When the meeting was over, an old lady invited him to go to the front of the mission and kneel. He did. She asked him to pray with her and wait on God for some miraculous power to work upon him. He knew it would have been a miracle. But he found instead this insistent old lady by his side heckled his very soul within.

"Brother, are you saved?" she kept repeating.

"She is the devil trying to tempt me," he said to himself. He was wanting to talk to this Stranger whom the preacher called Friend, to listen to Him; but all he could hear was the provoking words of an annoying old woman who kept repeating, "Brother, are you saved?"

She would not let him be alone with God. The fury rose within him. If the woman would only quit nagging him and go away. But it was no use. So he rose to his feet and made a weak little gesture to go. The preacher walked over to him; gave him his hand. He was surprised how strong it was for the little man that he appeared to be in the pulpit. And he, as big as he was, was almost too weak to walk

"Do you believe that God will save you?" the preacher asked.

"I do not know," Bill said, "I'm not quite sure. Not quite."

He felt he had reached his last irrevocable chance to contact God and lost it; muffed it somehow. His companions had already gone without him, disgusted, no doubt. He knew they would not be back before morning. He was glad. Now, at least, he was alone, except for the horse that would take him home.

He went directly to the livery stable as soon as he left the Mission, and, after paying his bill, he swung into the saddle. Astride, strength poured through his body, as that familiar animal strength joined his own, as it had so many times before. The weakness left him. He headed for Madrone.

The moonlight lighted his way with such a brilliance as to make the horse switch his tail joyously and snort excitedly as he attempted to take the gladsome miles.
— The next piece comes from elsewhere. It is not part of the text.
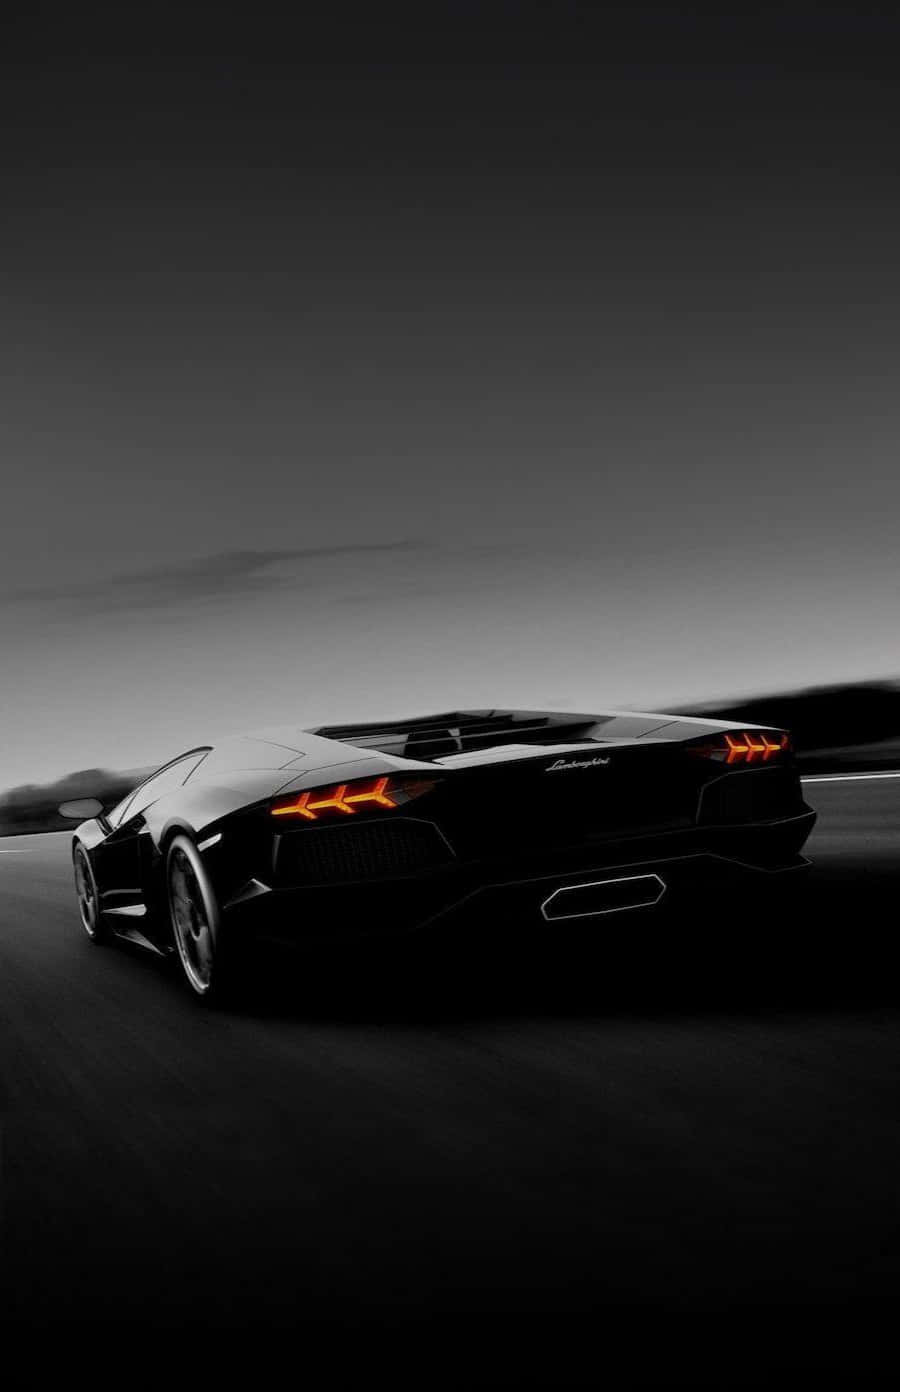 Cruise down the Autobahn in style in a Black Lamborghini. Wallpaper

"Easy now, Boy," he checked him. "There are some miles to go. Easy now."

He rode tall in the saddle, very tall, and he felt the stature of the man inside him grow to the full measure expected of the man astride. He had that trick of sitting erect but loosely, not gripping the saddle in any part, which was why he was tireless in the seat. As the blood coursed through his veins, his spirits soared. He sat now as though he were in a ladder-back chair. His shoulders fell well back, facing right in front of him, his legs hanging as straight as necessary for comfort. His feet were a little advanced and parallel with the horse's body. He was a picture of alertness for he never sat lazily in the saddle, only naturally. His feet remained still as the horse started to trot, he would raise the stirrup just so much and no more than the horse's actions demanded. And when, struck by the beauty of the evening, the horse broke into a happy lope, Bill's body gave every jump as he turned on either side, swinging his body and carrying the weight of the stirrup on the side to which the horse turned, and the feeling of mastery came back to him. He sensed the sweat of the horse's body, heard the slow musical creak of the leather, the rhythmical clop of the hard hooves on the road. He leaned over and stroked the horse's neck and a new calm entered his soul.

"You good, faithful brute, tell me one thing," he asked. "Why is it you and I get along so well, enjoy the world together, yet the meanness rises within me when I am with God's two-legged creatures?"